Food Cutting Process
Factors to be considered in the food cutting process:
- Initial Vibration Timing
Ultrasonic cutting horns can be challenging to design and manufacture due to the narrow blade designs required. Vibrating the tools at full amplitude while
not under a load can sometimes cause premature failure. Therefore, the signal from the ultrasonic generator should be timed properly with the automated machinery so that the tools reach full vibration just before the cutting edge meets the food product. Vibrating prior to contact is necessary to avoid deformation of the food product that would be caused by contact from a nonvibrating cutting surface.
- Vibrational Amplitude
The term ‘Amplitude’ describes the microscopic distance of vibration of the cutting surface of the horn. Amplitude is adjusted mechanically by the booster, as well as digitally by the generator. The degree of amplitude has an effect on the cutting process and must be adjusted to suit the needs of each application. Softer foods and those containing a variety of textures typically require higher amplitudes. Examples are:
Soft candies and nougat
– Soft cheeses and those containing nuts or pieces of fruit
– Products that contain various hard and soft ingredients such as sandwiches and wraps
– Cakes and breads
Firm food products often have lower amplitude requirements. Examples are:
– Frozen foods
– Firm cheeses
– Vegetables
- Cutting Velocity
The speed at which the cutting tools enter and proceed through the material being cut is also a process variable that should be optimized for each application. It is sometimes necessary to penetrate products with a crust slowly to avoid deformation and then increase the velocity of the knife within the product in order to achieve the best cutting results.
- Final Vibration Timing
Depending upon the consistency of the material being cut, the finished slices may tend to stick to the side of the cutting horn after the ultrasonic vibration
has been turned off. Therefore, maintaining the ultrasonic vibration while the tools are being withdrawn from the product can utilize the friction-free properties to release the cut slices more cleanly and consistently.
Typical Customer Concerns
Typical customer concerns regarding ultrasonic tooling:
- How long will the ultrasonic cutting horns last?

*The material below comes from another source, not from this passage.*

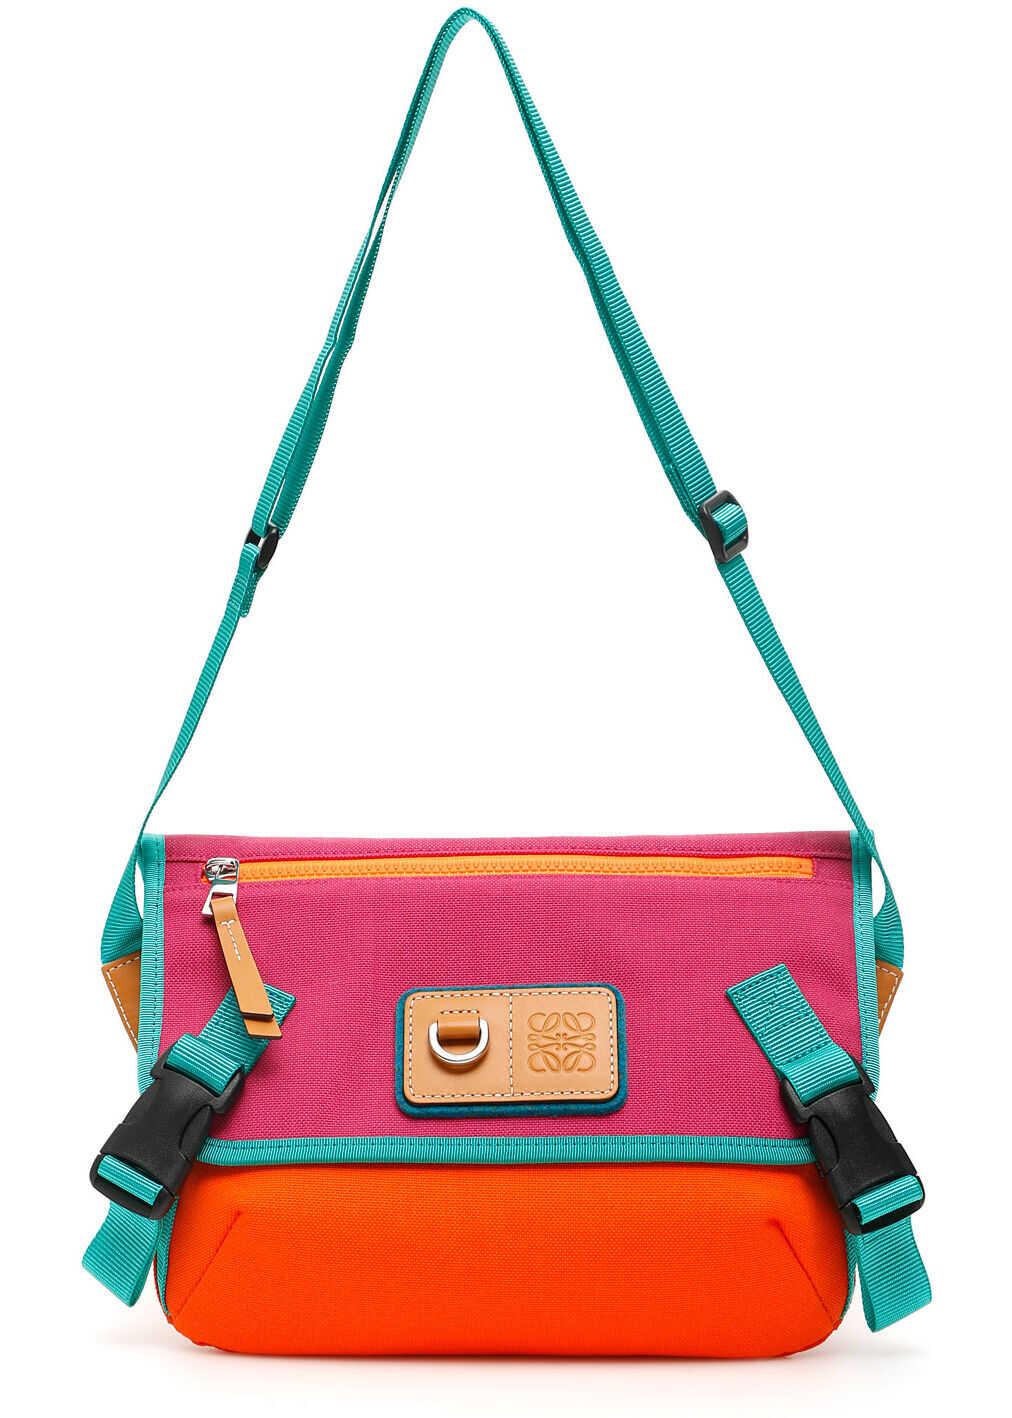 Loewe Eye Nature Messenger Bag 30150AB55 VIOLET ORANGE imagine b-mall.ro

Sonics and Materials, Inc. manufactures using a unique wire EDM technique and subsequent stress relieving resulting in tools with reduced material stress
which enhances their service life. Typical Sonics cutting horns last for years of operation before the fatigue properties of the titanium become an issue.

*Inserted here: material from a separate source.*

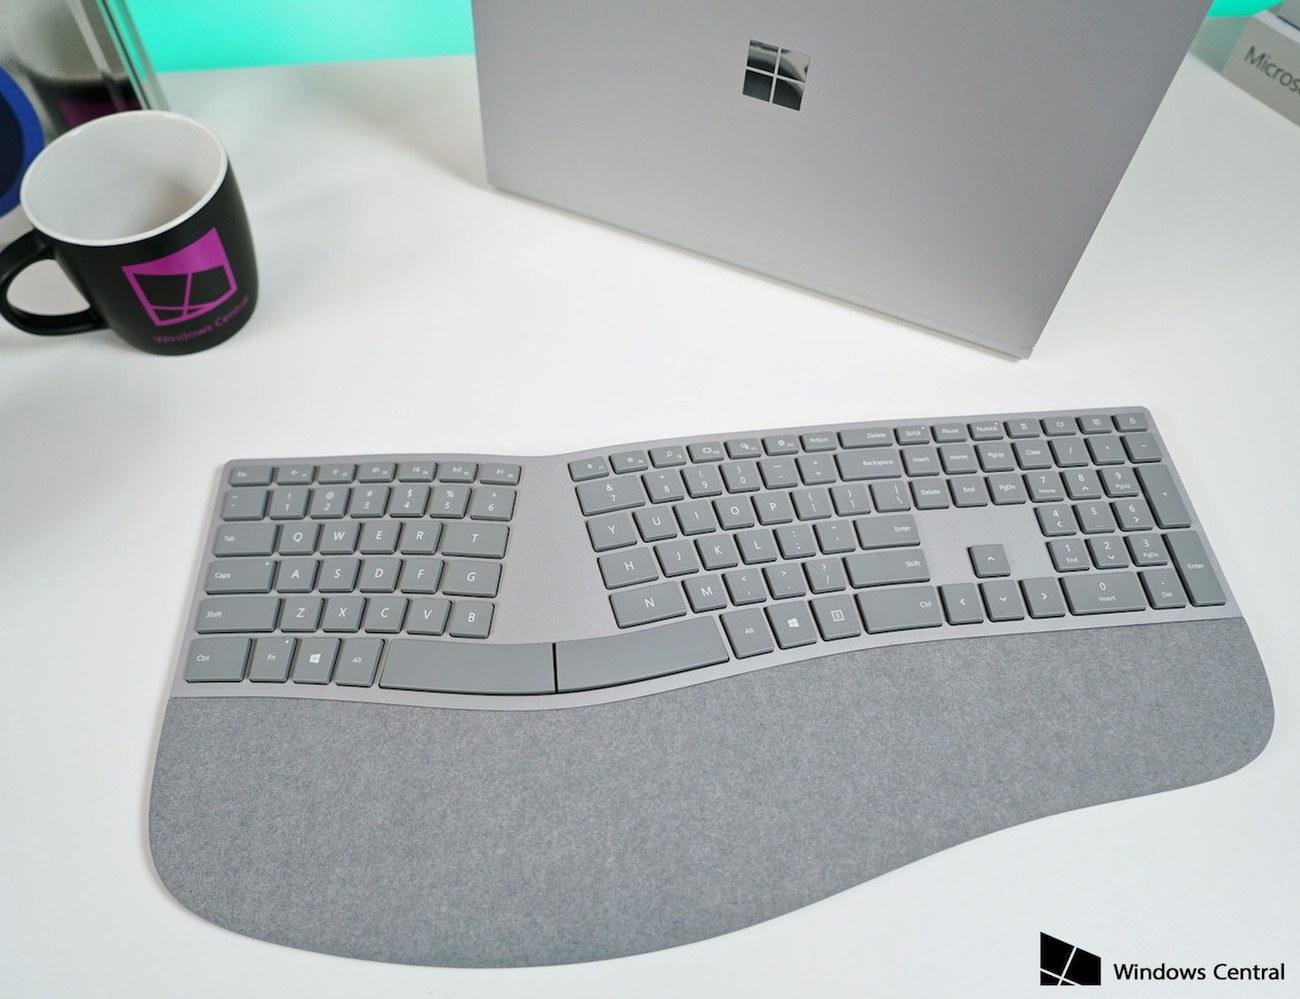 Microsoft Surface Ergonomic Keyboard Review 187 The Gadget Flow

- What can I do to get the longest life from the cutting horns?
Incidental contact of the cutting tools with metal parts such as trays, belts or other non-food materials can damage the cutting edge. This type of misuse is
the most common cause of ultrasonic horn damage. Proper automated machine programming and good maintenance practices can greatly extend the life of cutting horns.
Operating cutting tools with excessive amplitude will cause premature failure of the horn due to the additional fatigue stresses that result. This is typically
caused by the use of an improper booster within the system.
- Is it necessary to re-sharpen the cutting horns?
With ultrasonic technology, the sharpness of the cutting edge is not as critical as it is for mechanical knives. In fact, many ultrasonic cutting horn designs
incorporate a small flat on the cutting tip to extend tool life and enhance performance. The vibratory motion provides much more of the cutting effect
than the sharpness of the tools.
If proper operating techniques are used and accidental tool collision is avoided, re-sharpening is generally not required for many thousands of operating hours. (If ultrasonic tools do become worn or damaged, they should be returned to Sonics for re-sharpening and retuning.)
Ultrasonic food cutting may be suitable for a certain number of food cutting operation. However, high frequency vibration applied to cutting tools does provide significant benefits. Primarily, ultrasonic technology enhances the cut quality and consistency, and offers the ability to cleanly slice multi-textured food products without deformation.